What’s Going to Happen in September?
We established the Alternative Education Resource Organization 32 years ago with the mission of the Education Revolution: To make learner-centered education possible for students everywhere. We believe that children are natural learners and that this approach flows logically from that awareness.
Remarkably, the Education Revolution has happened, inadvertently, as a result of the pandemic. As educators around the world reached for alternatives when their schools were forced to close, some found the alternatives we had been promoting all along.They called it many things: virtual classes, distance learning, homeschooling, and later, pandemic pods. Some alternative educators argued that it wasn’t “really” homeschooling, for example, because they were simply doing “school at home.” But the reality was that real parents with real children were now responsible for their education. The paradigm had changed. Perhaps two billion people suddenly realized that going to the local assigned school wasn’t written in stone and that they had choices.
Now that the pandemic is ebbing in the United States and some other countries, people have asked me to predict what would happen now in education. At first, I ventured a prediction. Then I realized that to make a prediction now would be foolhardy. Things will certainly change in education, but it would be impossible to know what form they would take. But some things are becoming clearer.
When I saw the recent headlines that New York City, New York State and others would be ending virtual options for parents I was struck by the arrogance of their tone. Regular public schools are used to having a virtual monopoly and a captive audience. Those administrations seemed to have learned nothing from this dramatic educational experience or at least are desperate to go back to the previous situation when they had all the power. An AERO committee created a list of ways that schools could reopen in a more learner-centered way, but it was mostly ignored. They have been pushing the narrative of “learning loss” to scare people into going back. But that is not likely to happen. Parents and children now know they have choices and have experienced some of them.
When schools try to open in September without the virtual and other choices, I think those administrators are in for a big shock. One indication of that is what has happened in New York City: Personal attendance has been available for all students this school year, but, shockingly, 60% of the families kept their children at home! Of course, some part of that was simply because of health fears. But we don’t know what part. Does the system really believe that all of them will just obediently send their children back to school just because they say so?

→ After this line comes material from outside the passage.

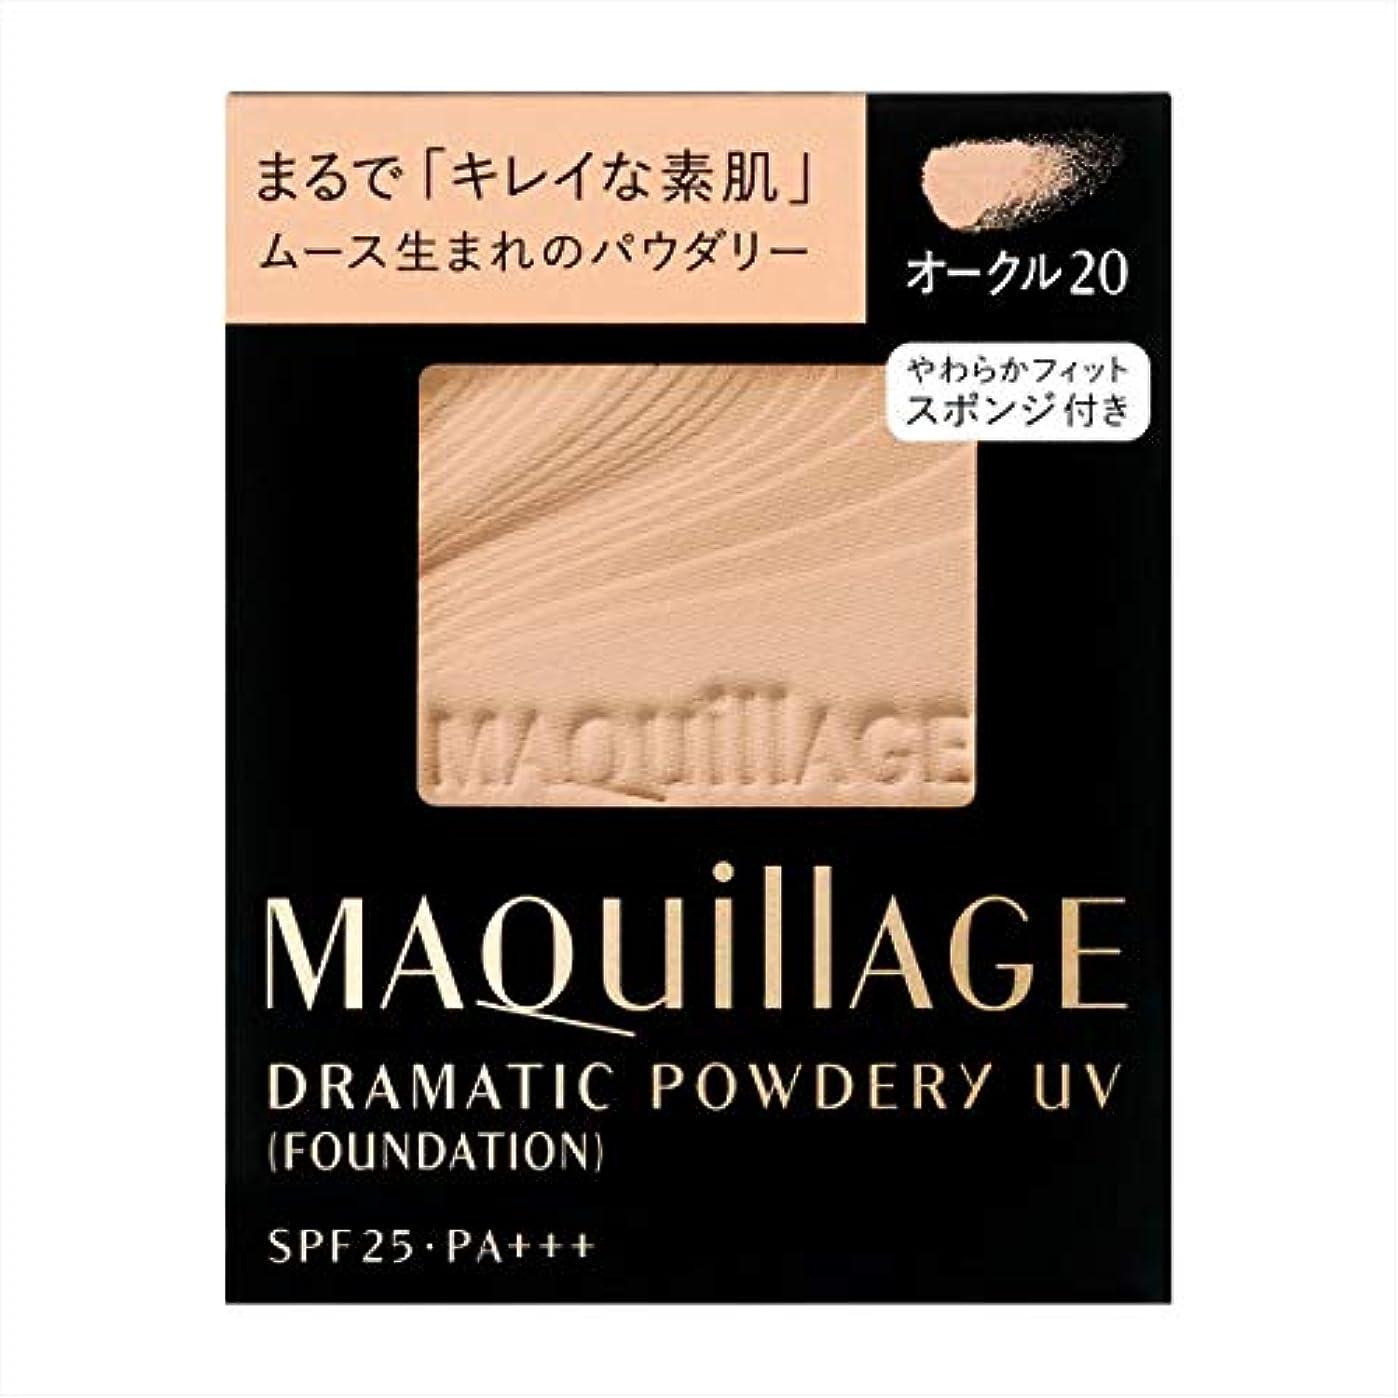 バーベキュー脊椎乙女資生堂 マキアージュ ドラマティックパウダリー UV (レフィル) オークル20

In September this will be playing out everywhere. Previous to the pandemic only about 3% of children were homeschooling and a similar number were in other kinds of alternatives. I think that a much larger percentage of families won’t send their children back. There are many reasons for this: Some parents and children have discovered they the really like having school in their home. Some parents suddenly realized how creative and entrepreneurial their children were, and how boring and rigid the classes were that were being piped in through Zoom. And many parents will continue working from home. In a recent Newsday article it noted that 71% of employers want to continue some form of work from home “with only a quarter requiring full-time return to in-person attendance.” This really reflects the potential impact this will have on homeschooling.
Schools made the huge mistake of thinking the monologs from their teachers were the most important part of their school experience. Some weren’t even interactive. But the only thing most students missed about school was interacting with the other students. The system might have saved itself if this was realized. But very few set up systems by which the students could simply interact with each other.
One tired criticism of homeschooling often heard is what homeschoolers call “the S word,” socialization. But virtually all homeschoolers know that their children are being well socialized, experiencing a myriad of activities and situations every day. In fact, studies have shown this and have even expressed alarm at the narrow socialization public school students experience, with classes of children their same age, something they will never experience again in their lives after school.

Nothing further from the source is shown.